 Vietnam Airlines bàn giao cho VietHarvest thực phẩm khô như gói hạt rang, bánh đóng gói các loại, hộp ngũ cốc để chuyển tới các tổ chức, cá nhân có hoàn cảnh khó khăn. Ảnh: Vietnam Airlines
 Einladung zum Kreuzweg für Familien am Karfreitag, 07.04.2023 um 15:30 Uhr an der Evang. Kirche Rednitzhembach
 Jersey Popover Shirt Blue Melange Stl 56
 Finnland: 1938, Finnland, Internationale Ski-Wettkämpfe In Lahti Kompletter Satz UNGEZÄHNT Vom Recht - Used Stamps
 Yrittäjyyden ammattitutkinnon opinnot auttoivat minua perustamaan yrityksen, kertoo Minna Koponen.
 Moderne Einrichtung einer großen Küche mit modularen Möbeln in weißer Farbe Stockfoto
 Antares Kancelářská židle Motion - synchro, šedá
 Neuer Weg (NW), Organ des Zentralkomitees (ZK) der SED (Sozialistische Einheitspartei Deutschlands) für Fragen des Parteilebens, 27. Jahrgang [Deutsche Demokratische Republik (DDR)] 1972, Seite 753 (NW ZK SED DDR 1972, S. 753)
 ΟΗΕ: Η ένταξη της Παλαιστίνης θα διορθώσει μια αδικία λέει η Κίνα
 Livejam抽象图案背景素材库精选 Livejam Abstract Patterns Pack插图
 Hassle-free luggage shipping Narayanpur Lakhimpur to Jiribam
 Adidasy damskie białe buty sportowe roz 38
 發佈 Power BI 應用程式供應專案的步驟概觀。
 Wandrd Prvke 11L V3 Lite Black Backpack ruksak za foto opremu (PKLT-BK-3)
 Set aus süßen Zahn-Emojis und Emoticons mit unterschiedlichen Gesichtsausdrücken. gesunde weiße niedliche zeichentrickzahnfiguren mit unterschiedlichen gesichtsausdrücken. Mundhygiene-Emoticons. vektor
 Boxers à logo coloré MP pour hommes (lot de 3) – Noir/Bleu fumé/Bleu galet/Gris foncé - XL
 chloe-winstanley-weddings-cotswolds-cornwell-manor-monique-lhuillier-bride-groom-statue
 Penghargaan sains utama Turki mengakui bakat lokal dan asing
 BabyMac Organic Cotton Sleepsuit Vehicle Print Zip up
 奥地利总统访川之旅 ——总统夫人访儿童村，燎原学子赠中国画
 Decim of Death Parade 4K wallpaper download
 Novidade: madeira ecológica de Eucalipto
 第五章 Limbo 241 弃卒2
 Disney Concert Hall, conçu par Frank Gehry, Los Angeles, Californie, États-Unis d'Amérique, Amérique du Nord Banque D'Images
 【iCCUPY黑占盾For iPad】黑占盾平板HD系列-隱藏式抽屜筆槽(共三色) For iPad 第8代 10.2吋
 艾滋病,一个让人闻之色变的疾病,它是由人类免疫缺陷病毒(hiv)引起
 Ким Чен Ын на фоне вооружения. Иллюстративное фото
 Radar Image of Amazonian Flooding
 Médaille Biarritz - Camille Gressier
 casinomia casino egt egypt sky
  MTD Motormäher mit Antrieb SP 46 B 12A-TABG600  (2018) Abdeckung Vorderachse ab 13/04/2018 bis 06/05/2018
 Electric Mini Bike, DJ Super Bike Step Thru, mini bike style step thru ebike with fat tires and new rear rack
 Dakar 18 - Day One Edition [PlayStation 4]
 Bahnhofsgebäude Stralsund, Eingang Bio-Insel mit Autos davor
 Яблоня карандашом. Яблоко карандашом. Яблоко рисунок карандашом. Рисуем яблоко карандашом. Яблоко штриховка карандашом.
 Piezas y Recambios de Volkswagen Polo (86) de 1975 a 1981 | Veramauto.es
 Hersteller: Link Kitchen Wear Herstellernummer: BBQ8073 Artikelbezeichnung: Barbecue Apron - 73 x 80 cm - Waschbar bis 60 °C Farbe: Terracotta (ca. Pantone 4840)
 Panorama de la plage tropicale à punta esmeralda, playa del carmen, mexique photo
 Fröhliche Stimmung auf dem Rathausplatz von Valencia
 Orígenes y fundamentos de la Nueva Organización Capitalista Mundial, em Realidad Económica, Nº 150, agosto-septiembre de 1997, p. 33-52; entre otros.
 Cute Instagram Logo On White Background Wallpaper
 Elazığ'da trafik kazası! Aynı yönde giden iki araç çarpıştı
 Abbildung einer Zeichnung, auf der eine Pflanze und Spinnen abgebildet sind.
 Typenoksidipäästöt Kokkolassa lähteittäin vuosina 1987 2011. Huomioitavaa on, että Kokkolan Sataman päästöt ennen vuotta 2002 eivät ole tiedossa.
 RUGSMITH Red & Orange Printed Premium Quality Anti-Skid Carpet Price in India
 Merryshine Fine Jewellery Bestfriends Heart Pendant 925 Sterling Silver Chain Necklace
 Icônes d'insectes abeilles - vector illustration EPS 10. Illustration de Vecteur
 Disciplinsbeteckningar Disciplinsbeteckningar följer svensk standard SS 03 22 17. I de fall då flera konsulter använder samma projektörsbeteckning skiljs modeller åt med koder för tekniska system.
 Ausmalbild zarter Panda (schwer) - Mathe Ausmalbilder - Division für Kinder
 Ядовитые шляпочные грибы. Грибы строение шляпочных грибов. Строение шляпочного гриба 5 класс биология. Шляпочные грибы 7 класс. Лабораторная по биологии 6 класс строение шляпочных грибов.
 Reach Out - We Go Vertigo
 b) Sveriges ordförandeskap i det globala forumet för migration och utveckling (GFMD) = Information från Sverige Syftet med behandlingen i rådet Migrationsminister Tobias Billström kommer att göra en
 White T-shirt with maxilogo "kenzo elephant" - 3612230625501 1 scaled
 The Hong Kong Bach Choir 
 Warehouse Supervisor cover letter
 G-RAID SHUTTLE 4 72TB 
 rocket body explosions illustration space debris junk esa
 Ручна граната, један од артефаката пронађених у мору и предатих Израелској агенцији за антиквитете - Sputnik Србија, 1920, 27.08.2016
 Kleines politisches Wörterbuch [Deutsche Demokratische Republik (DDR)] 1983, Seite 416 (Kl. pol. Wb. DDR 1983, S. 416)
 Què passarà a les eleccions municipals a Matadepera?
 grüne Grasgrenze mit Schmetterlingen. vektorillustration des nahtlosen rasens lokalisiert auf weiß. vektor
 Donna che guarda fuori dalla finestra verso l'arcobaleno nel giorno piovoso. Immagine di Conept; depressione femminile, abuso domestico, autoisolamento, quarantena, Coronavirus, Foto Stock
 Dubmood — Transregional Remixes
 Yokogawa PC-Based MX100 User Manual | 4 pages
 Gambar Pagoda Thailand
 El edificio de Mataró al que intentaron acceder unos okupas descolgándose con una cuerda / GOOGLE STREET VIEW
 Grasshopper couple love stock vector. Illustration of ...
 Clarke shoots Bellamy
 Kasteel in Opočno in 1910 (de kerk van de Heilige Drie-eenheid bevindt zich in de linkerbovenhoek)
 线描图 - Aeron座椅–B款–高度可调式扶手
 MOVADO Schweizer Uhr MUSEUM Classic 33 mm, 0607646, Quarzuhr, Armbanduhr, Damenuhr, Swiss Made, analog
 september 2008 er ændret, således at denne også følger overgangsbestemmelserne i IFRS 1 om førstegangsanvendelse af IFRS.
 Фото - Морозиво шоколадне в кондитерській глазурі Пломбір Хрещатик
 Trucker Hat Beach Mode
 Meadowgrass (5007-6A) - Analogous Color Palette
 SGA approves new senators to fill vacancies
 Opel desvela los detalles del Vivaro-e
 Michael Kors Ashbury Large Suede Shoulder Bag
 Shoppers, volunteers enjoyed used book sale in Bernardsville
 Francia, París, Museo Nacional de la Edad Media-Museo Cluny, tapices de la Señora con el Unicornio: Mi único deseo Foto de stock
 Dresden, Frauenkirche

+---+

Task item => Copy out each line of the data that holds the string "Seite".

Solved exercise =>
 Neuer Weg (NW), Organ des Zentralkomitees (ZK) der SED (Sozialistische Einheitspartei Deutschlands) für Fragen des Parteilebens, 27. Jahrgang [Deutsche Demokratische Republik (DDR)] 1972, Seite 753 (NW ZK SED DDR 1972, S. 753)
 Kleines politisches Wörterbuch [Deutsche Demokratische Republik (DDR)] 1983, Seite 416 (Kl. pol. Wb. DDR 1983, S. 416)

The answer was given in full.